### Recorded data
==========

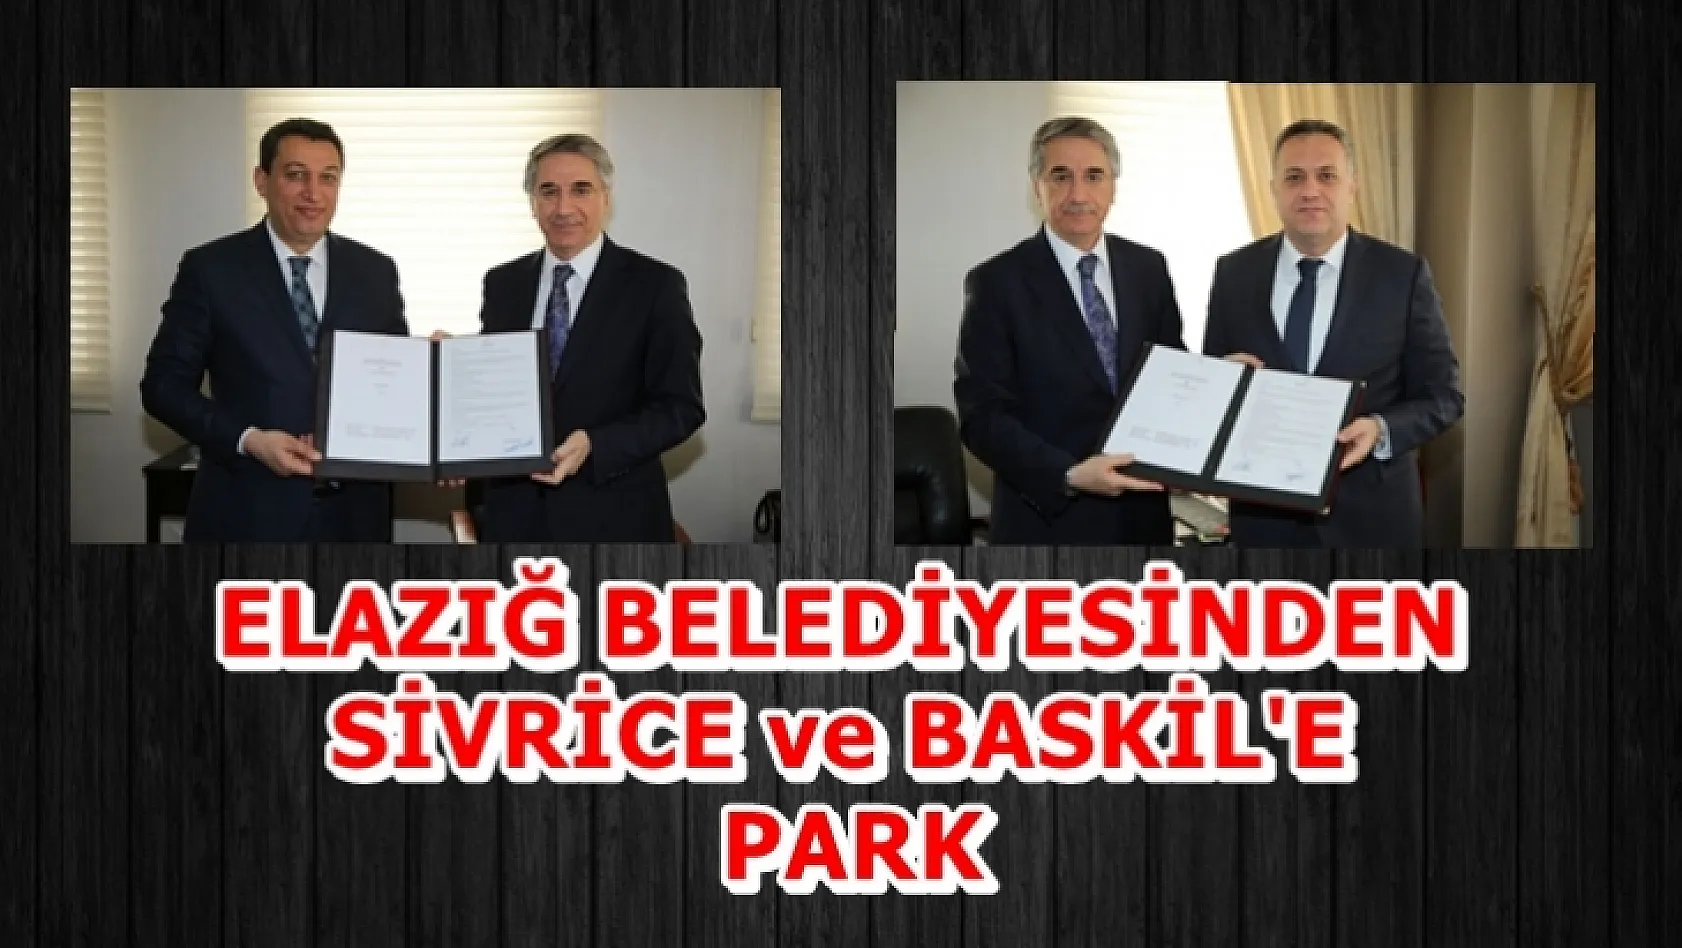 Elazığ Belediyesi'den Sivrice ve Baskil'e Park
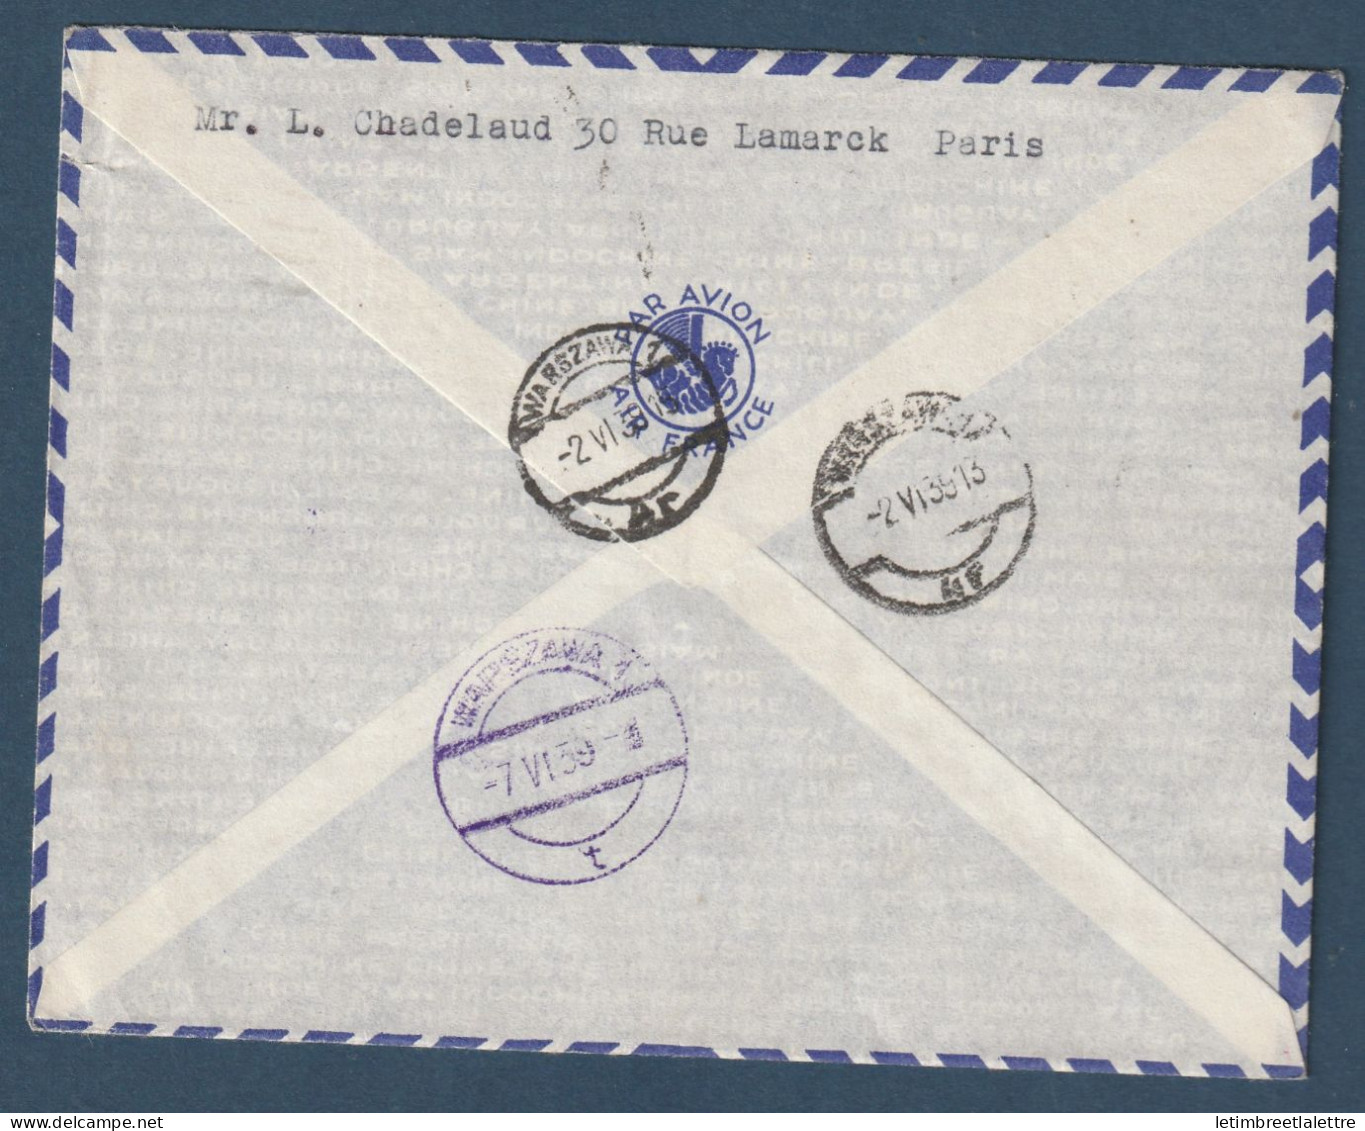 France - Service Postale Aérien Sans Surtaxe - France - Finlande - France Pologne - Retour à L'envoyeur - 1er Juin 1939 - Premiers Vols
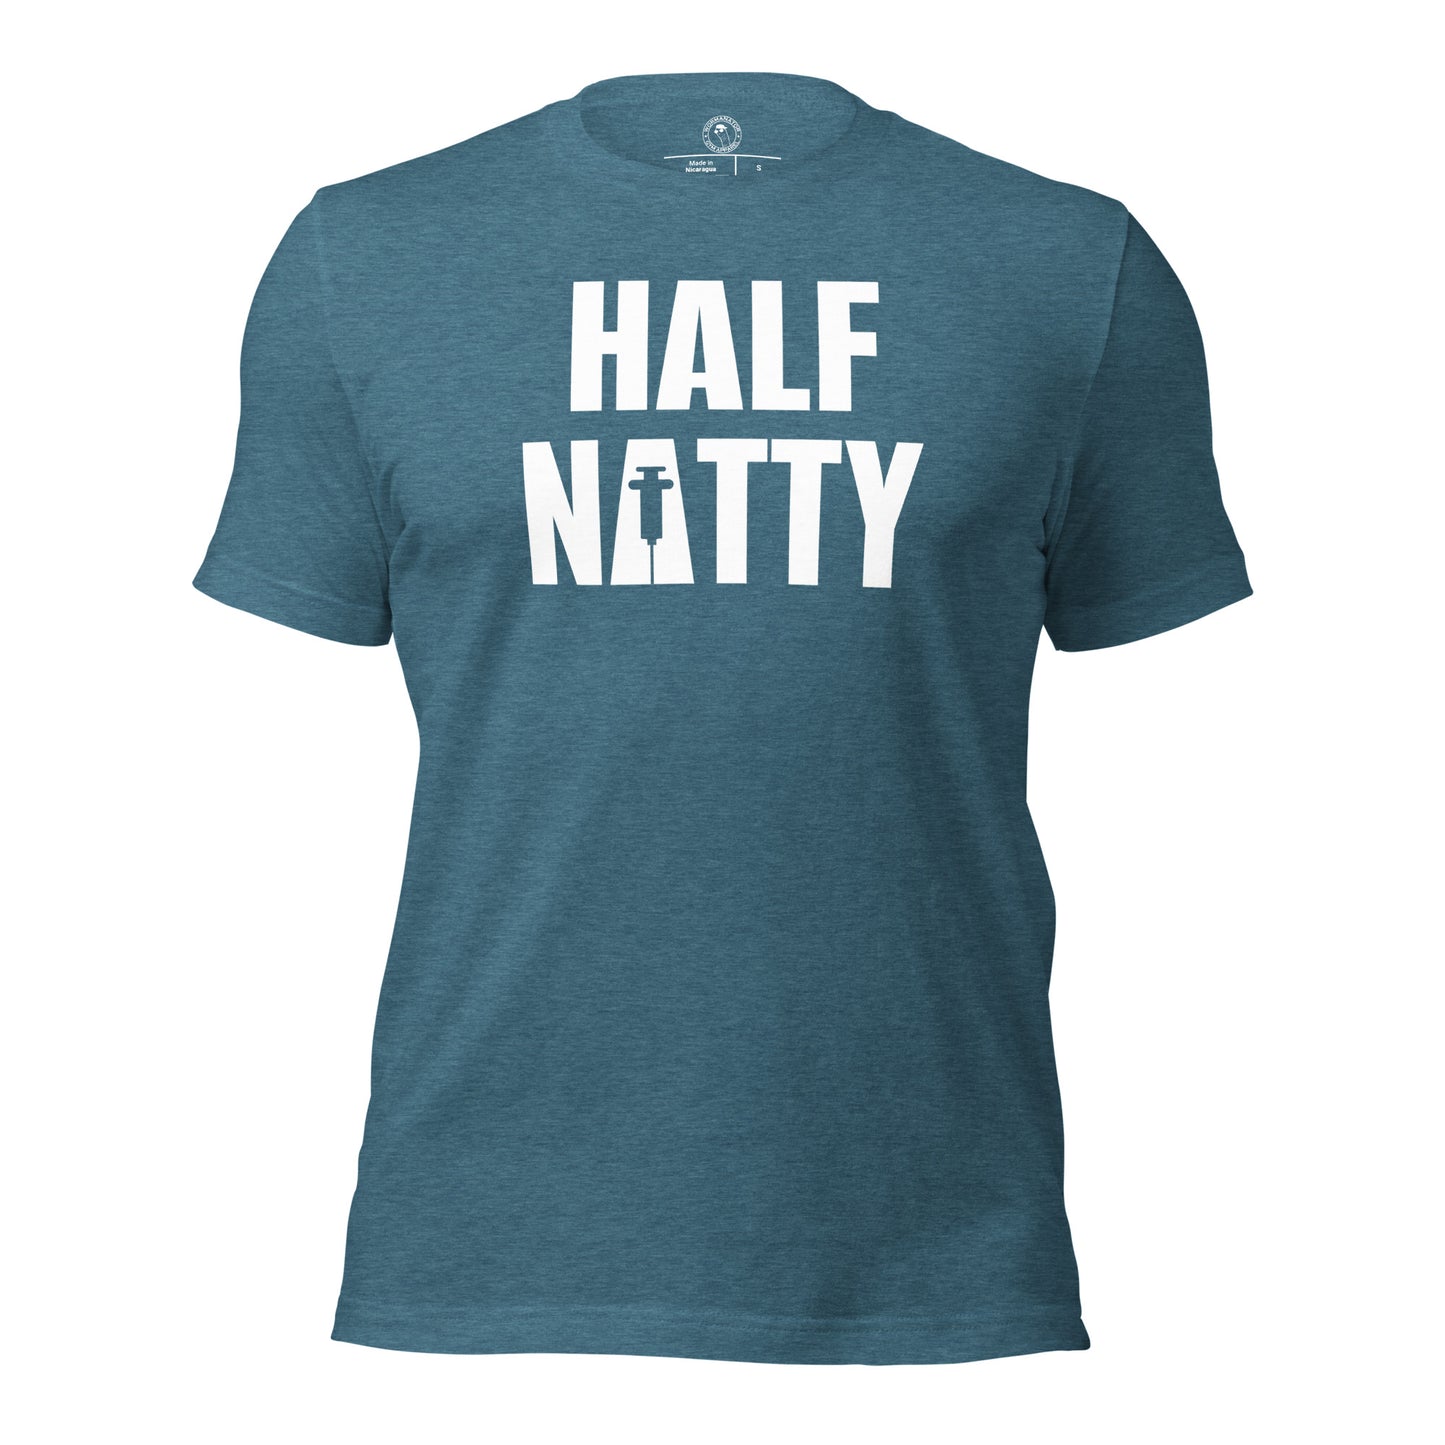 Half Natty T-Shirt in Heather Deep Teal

==========

### Task to complete
Produce an exact copy of the lines from the line containing "France - Service" to the end of the material, both ends included, and omit every picture.

### Written solution
 France - Service Postale Aérien Sans Surtaxe - France - Finlande - France Pologne - Retour à L'envoyeur - 1er Juin 1939 - Premiers Vols
 Half Natty T-Shirt in Heather Deep Teal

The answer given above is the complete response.